Alternatively if anybody knows of an appraisal site...


----------



## nimrod16 (Jun 23, 2011)

*Bump...*

There have been 62 views and nobody can assist me in appraising this bow? Can somebody please help?


----------



## Barry O'Regan (Nov 2, 2008)

nimrod16 said:


> There have been 62 views and nobody can assist me in appraising this bow? Can somebody please help?


Contact Archery Guy, I bet he will know,he own a bow museum in Canada.


----------



## WillAdams (Jun 6, 2009)

Pictures would help, but even then, there isn't a "Blue Book" for bows.

Value is what someone will pay and the market is small enough that that varies widely.

One can get a rough idea of value by checking auction sites, but it can take a while to get a valid sample.


----------



## nimrod16 (Jun 23, 2011)

*Thanks for the inputs, guys*



nimrod16 said:


> I've been holding on to an old recurve and was wondering what it is worth today.

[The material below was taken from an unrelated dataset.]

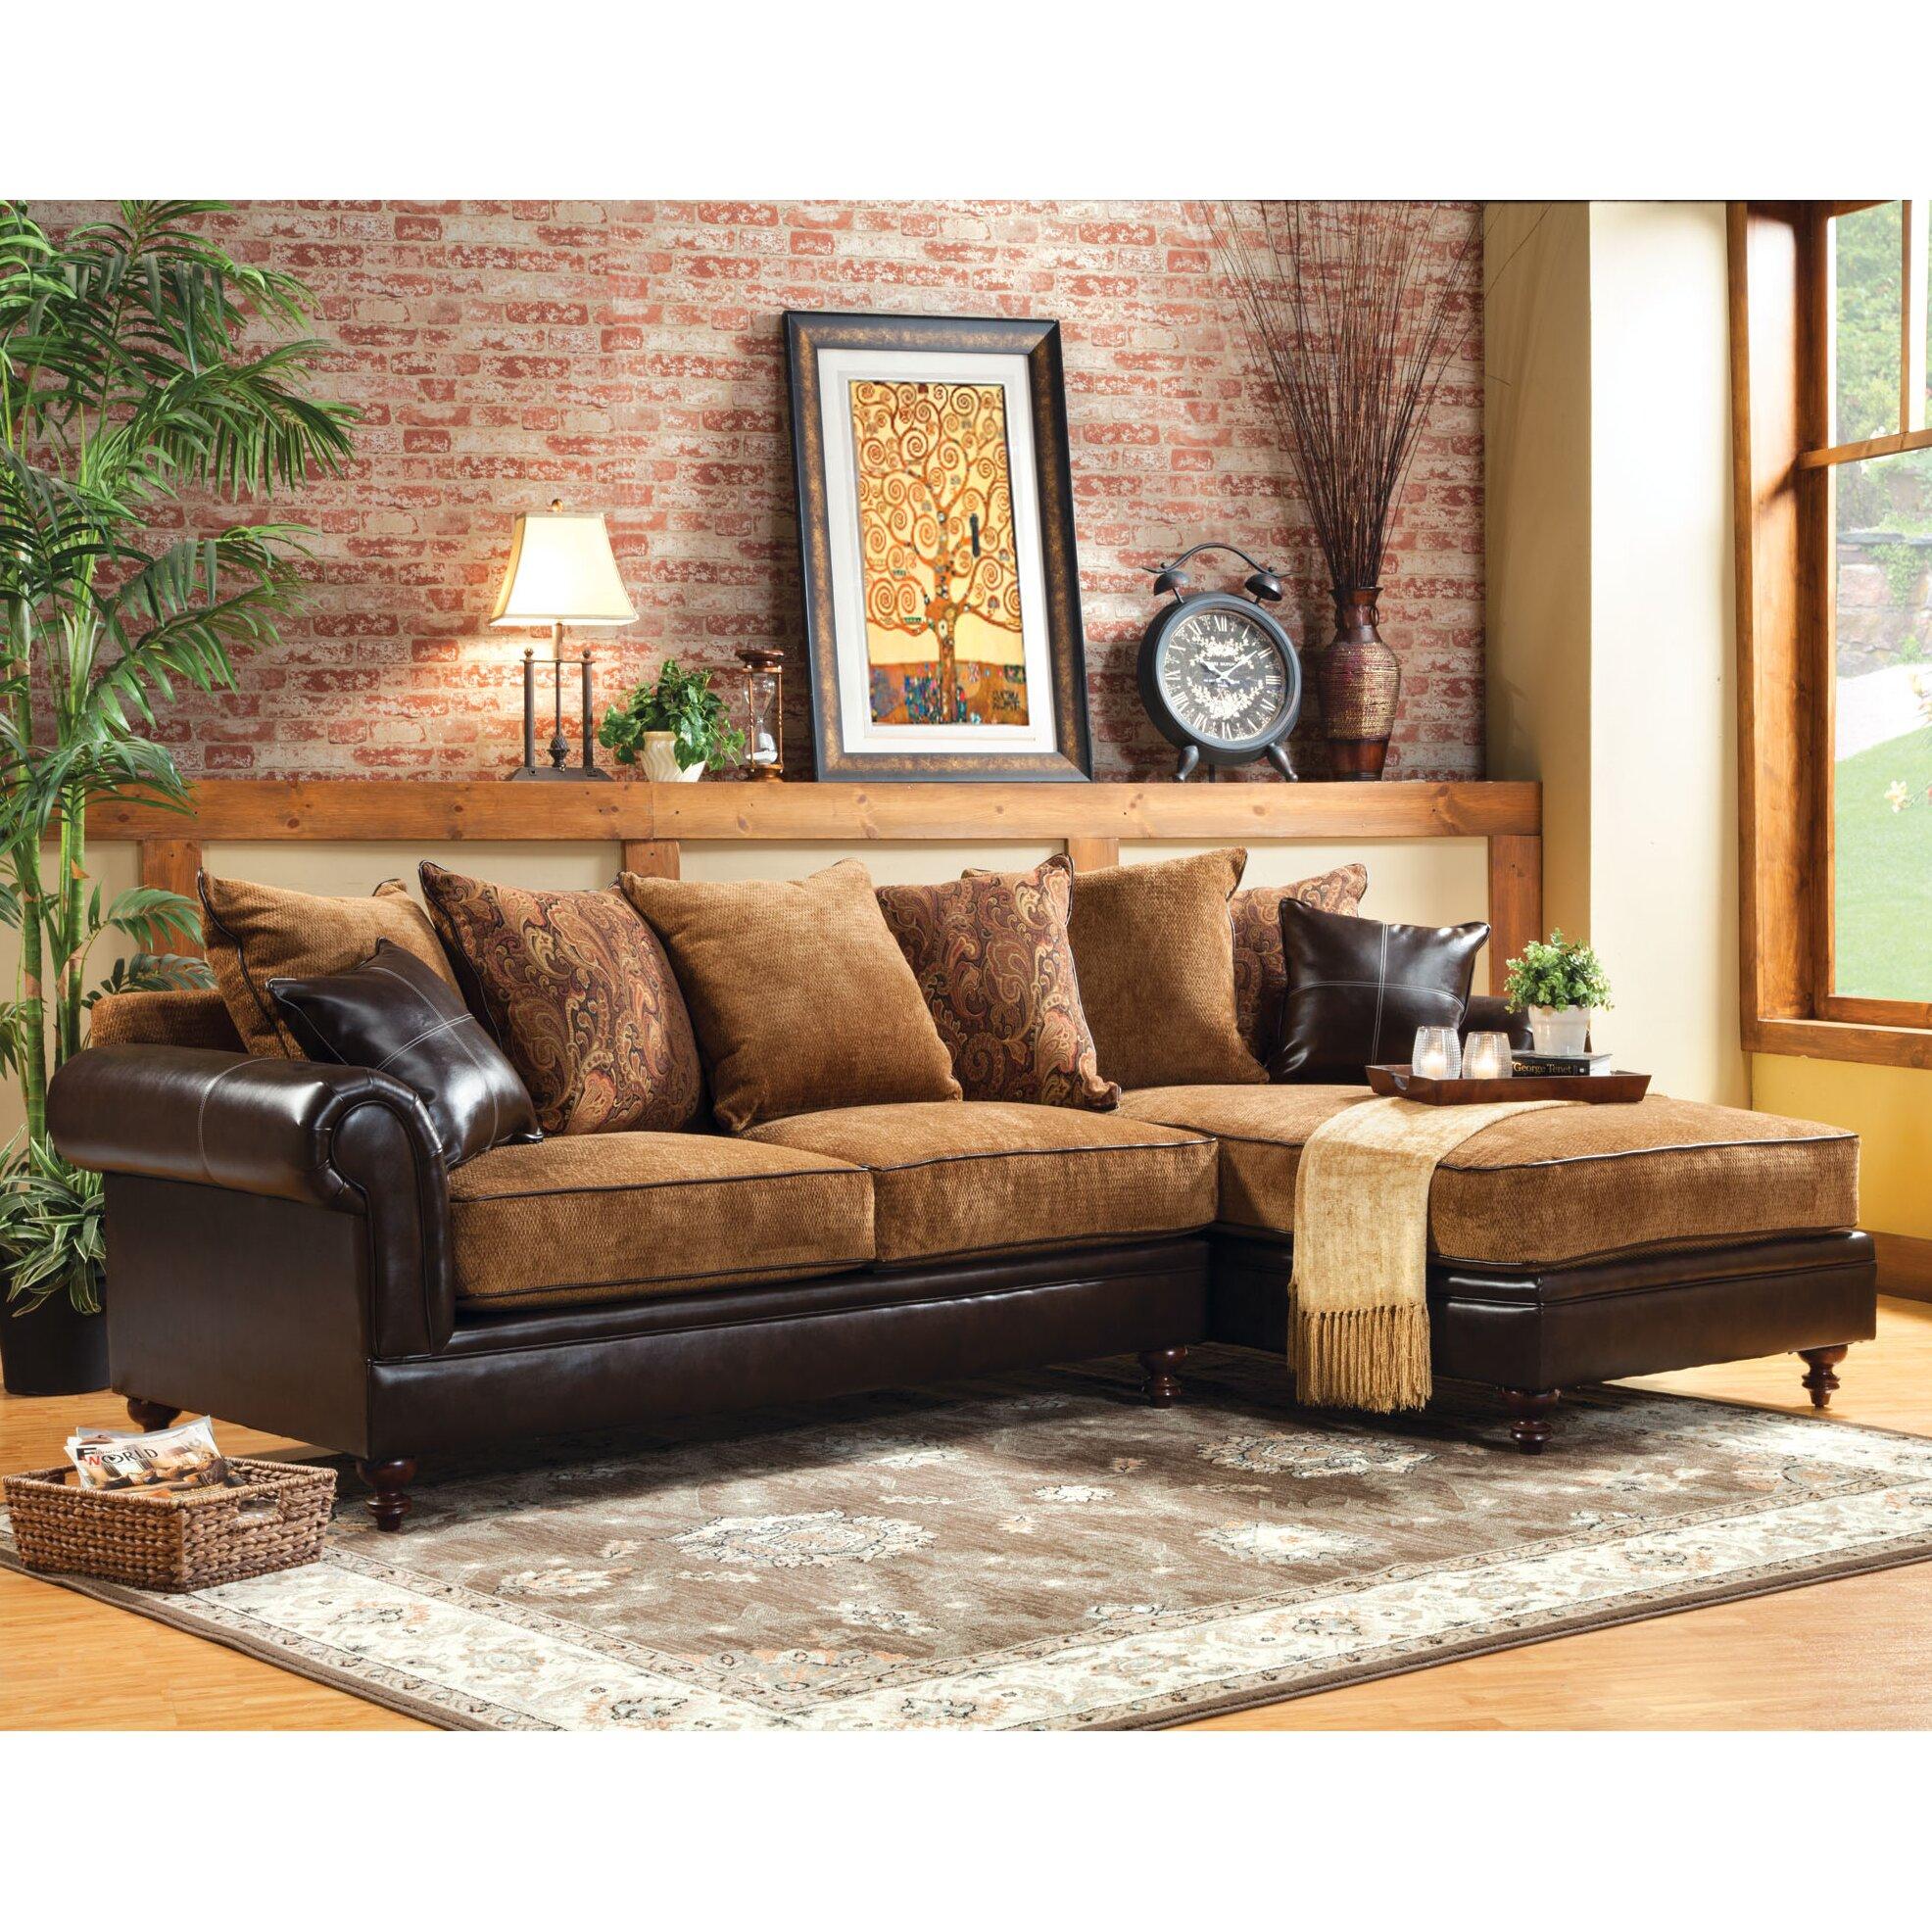 Hokku designs gastonne sectional reviews wayfair for Hokku designs living room furniture

It's a Ben Pearson Golden Sovereign Mercury Cushion with sight and padded case. It is 70" long with a 36 pound draw and serial number 1058.
> 
> Alternatively if anybody knows of an appraisal site...




I do want to sell this bow. I guess I'll have to put it up on some auction sites and take the best offer.


----------



## iceman36 (Feb 18, 2008)

Unless its a bear theres not much market for them,but you may get lucky and find someone looking for one,post it up here and see what you get for offers or ask around on one of the trad sites


----------